九年前,这里是慧慧实习的地方,也是他们关系开始变化的起点。2015年春天,她开始了为期一年的实习,分配在市中心医院的内科病房。从那以后,他的生活里多了一项固定内容:在医院等她。
一开始是甜蜜的。她会抽空溜出来,在楼梯间和他见面几分钟,塞给他一颗糖或一块巧克力,说“我忙完这段就出来”。他就在外面等,有时在花园的长椅上,有时在门诊大厅,有时就在这扇大门外。

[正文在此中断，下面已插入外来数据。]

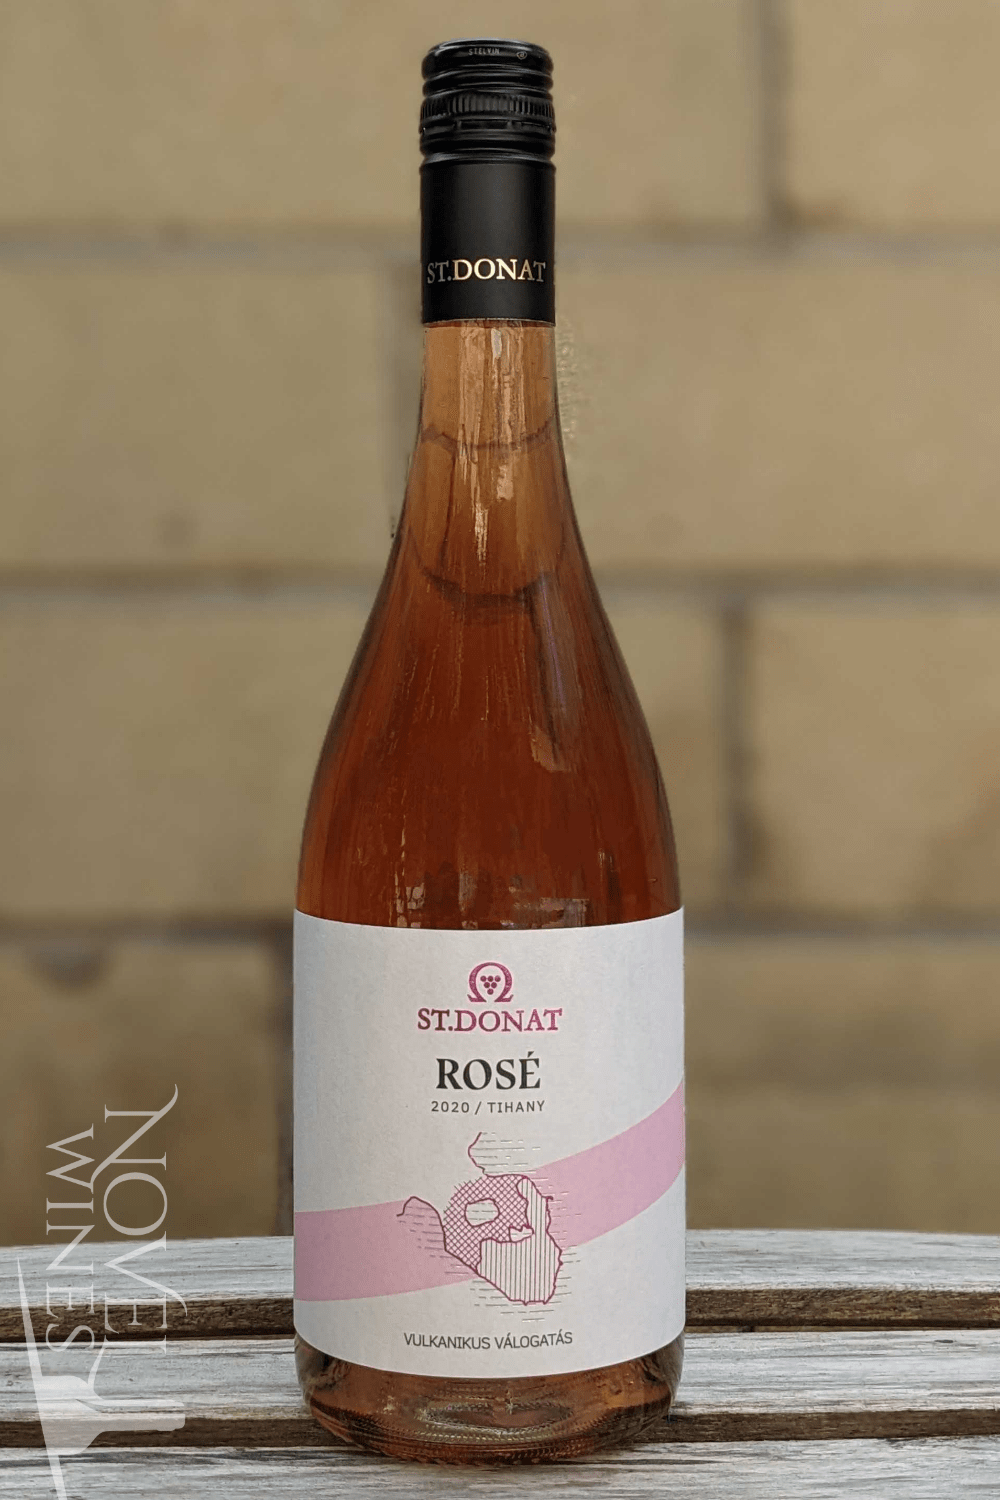 St. Donat Wine Estate Rose Wine St. Donat Tihany Rose 2020, Hungary
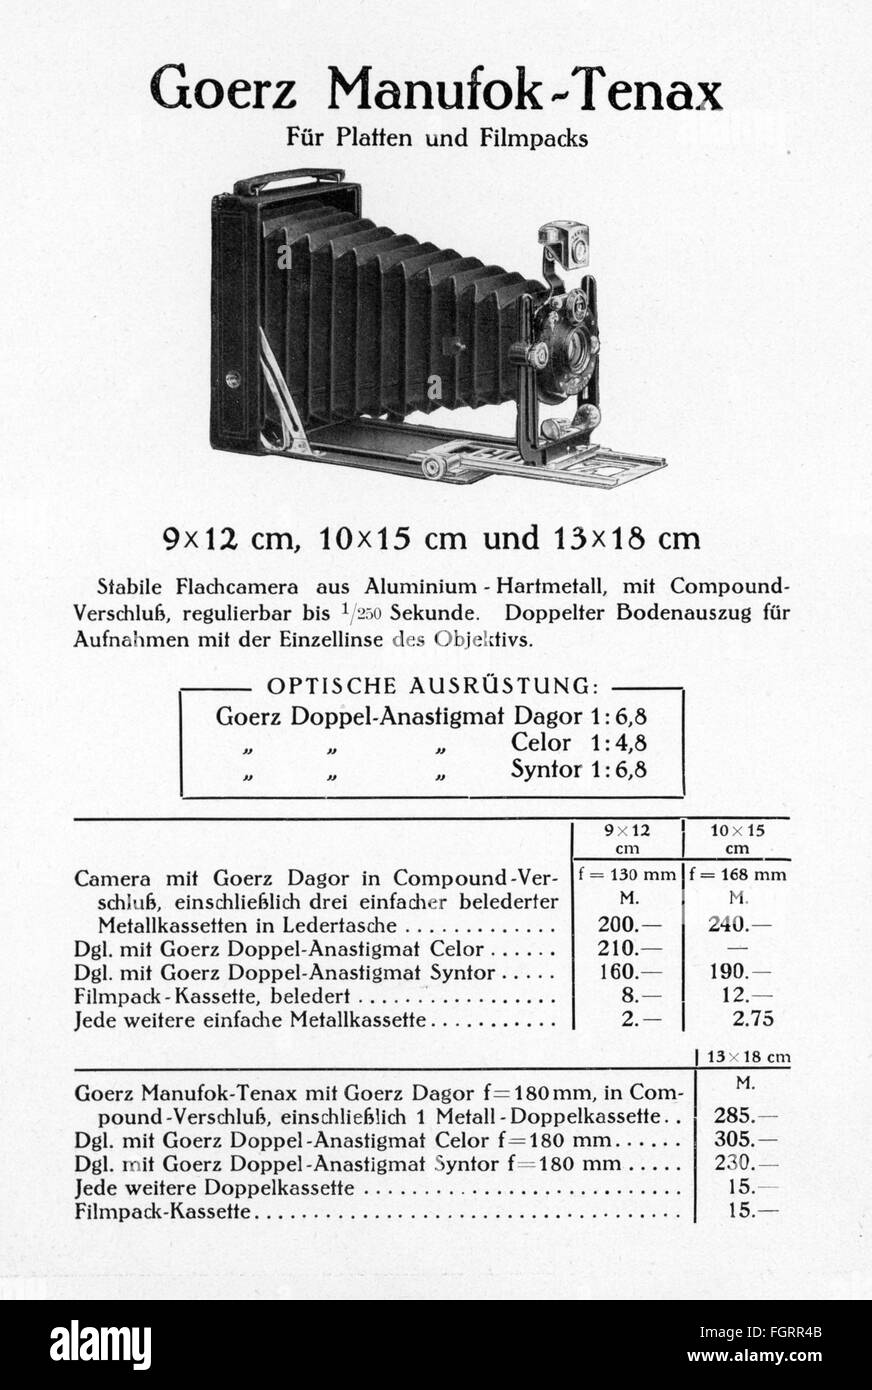 Werbung, Fotografie, Werbeprospekt für 'Goerz Tenax' Kameras, Berlin, Core, Modell 'Manufok-Tenax', 1912, zusätzliche-Rechte-Clearenzen-nicht verfügbar Stockfoto

后来等待的时间越来越长。她从十分钟变成半小时,从半小时变成一小时,最后常常是整个夜班都见不上一面。他就在医院里找地方等——那些散落在各处的长椅,成了他夜晚的栖身之所。
展旭走进医院大门。
门诊大厅很安静,只有几个值班的保安和挂号窗口的工作人员。空气里弥漫着消毒水的味道,那种独特的、冰冷的、带着死亡气息的味道。九年前,他花了很长时间才习惯这个味道,现在一闻到,记忆就像潮水一样涌上来。
他走到大厅角落的长椅前。
这是一排蓝色的塑料椅,和九年前一样。他记得自己曾在这张椅子上睡过觉——等得太晚,太累,不知不觉就睡着了。醒来时身上盖着慧慧的护士服,她坐在旁边,眼睛里有血丝。
“你来了怎么不叫我?”他说。
“看你睡得香。”她笑,“像个小孩子。”
“几点了?”
“凌晨三点。我刚下班。”
“我送你回学校。”
“不用了,我跟同事合租了房子,就在附近。”她说,“倒是你,怎么回去?”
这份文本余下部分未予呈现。